Moreover, it has not been sufficiently shown at this juncture that Couri is entitled to injunctive relief which grants the ultimate relief sought in his counterclaims. Zanahi v. State, 204 AD2d 313 (2d Dept 1994).
Next, there are no grounds for directing that Pavia undergo a mental examination. CPLR 3121 provides that when the mental condition of a party is in controversy, any other party may serve examination by a notice upon a party to submit to a physician. The burden of showing that a mental condition is in controversy is on the party seeking disclosure. Koump v. Smith, 25 NY2d 287, 303 (1967). To meet this burden, the party may not rely on “conclusory allegations” but instead must provide “affidavits containing evidentiary matter and made by a person having knowledge of the facts.” Williams by Williams v. Roosevelt Hospital, 108 AD2d 9, 13 (1st Dept), aff’d 66 NY2d 391 (1985). In this case, allegations that Pavia has been harassing and threatening defendants does not provide a sufficient basis for showing that Pavia’s mental condition is at issue here. Accordingly, the motion to direct Pavia’s mental examination is denied and the cross motion for a protective order is granted.
Motion Seq. No. 005
The motion and cross-motion to dismiss the complaint must be denied. At the outset, the court notes that dismissal is not properly granted as issue has been joined and the complaint on its face states a claim. Next, assuming that the motion and cross motion are for summary judgment, defendants have not made a prima facie showing entitling them to dismissal of the complaint as a matter of law. See Winegrad v. New York Univ. Med. Center, 64 N.Y.2d 851, 852 (1985) (holding that on a motion for summary judgment, the proponent “must make a prima facie showing of entitlement to judgment as a matter of law, tendering sufficient evidence to eliminate any material issues of fact from the case…”)

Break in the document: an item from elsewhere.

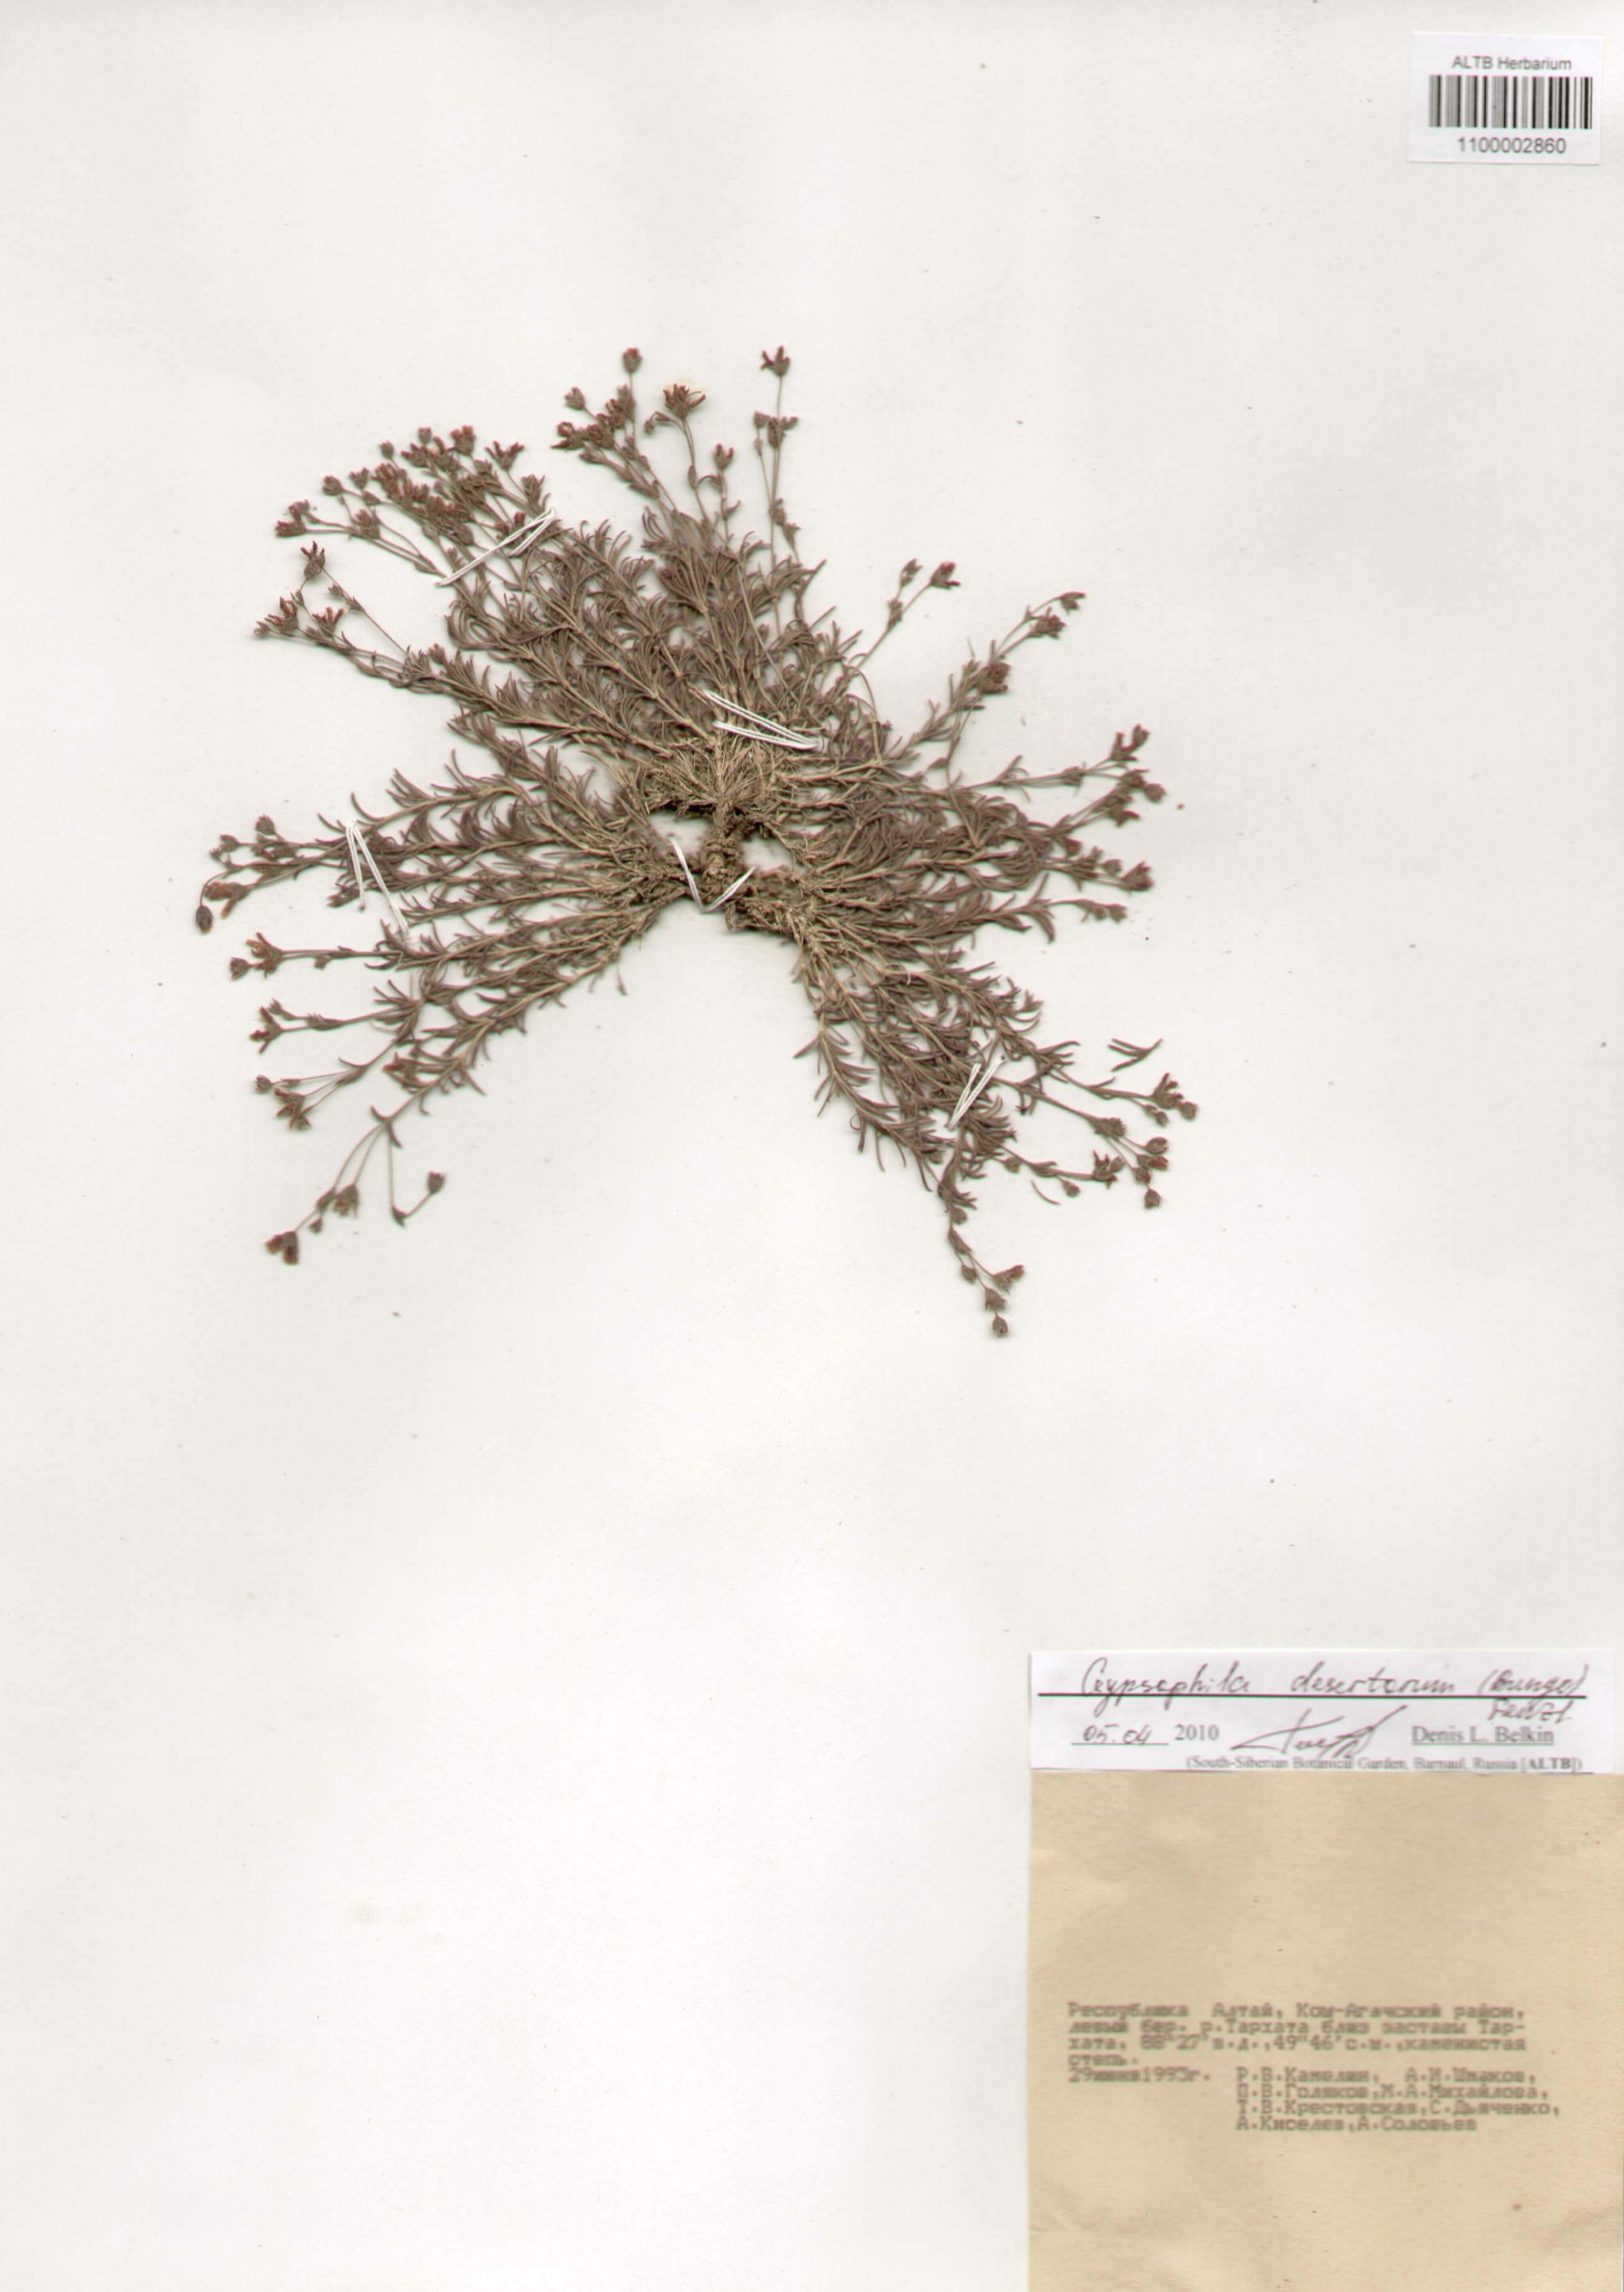 Caryophyllaceae,Gypsophila desertorum (Bunge) Fenzl.

Here, defendants have not sufficiently established that the water leak from their apartment did not cause the alleged water damage to the plaintiffs’ residence, or that plaintiffs suffer no losses as a consequence of such purported damage. Likewise, at this juncture, it cannot be said that plaintiffs, as the owners of the Building, are not entitled to a set of keys for defendants’ apartment .3 Finally, Couri has not made a sufficient showing to entitle him to injunctive relief against plaintiffs or their attorneys. See The New York Auto. Ins. Plan v. New York Schools Ins. Reciprocal, 241 AD2d 313, 314 (1st Dept 1997)
Conclusion
In view of the above, it is
ORDERED that Couri’s motion for an order directing plaintiffs to make certain repairs and improvements to the premises located at 18 East 73rd Street, New York, NY (“Building”), (2) directing the mental examination of plaintiff George Pavia (“Pavia”), and (3) restraining and enjoining plaintiffs from interfering with defendant’s tenancy and from harassing and threatening defendants is denied (motion seq. no. 002); and it is further
ORDERED that plaintiffs’ cross motion for a protective order pursuant to CPLR 3103(a) regarding defendants’ Notice of Medical Examination of Pavia is granted; and it is further
ORDERED that the motion and cross motion to dismiss and the motion for injunctive relief (motion seq. no. 005) are denied.
ENDNOTES
1Couri’s wife, plaintiff Marlene Couri, is represented by counsel.
2Motion seq. nos. 002 and 005 are consolidated for disposition.
3The cause of action regarding access to the defendants’ apartment to fix the water leak is moot as such access has already been provided.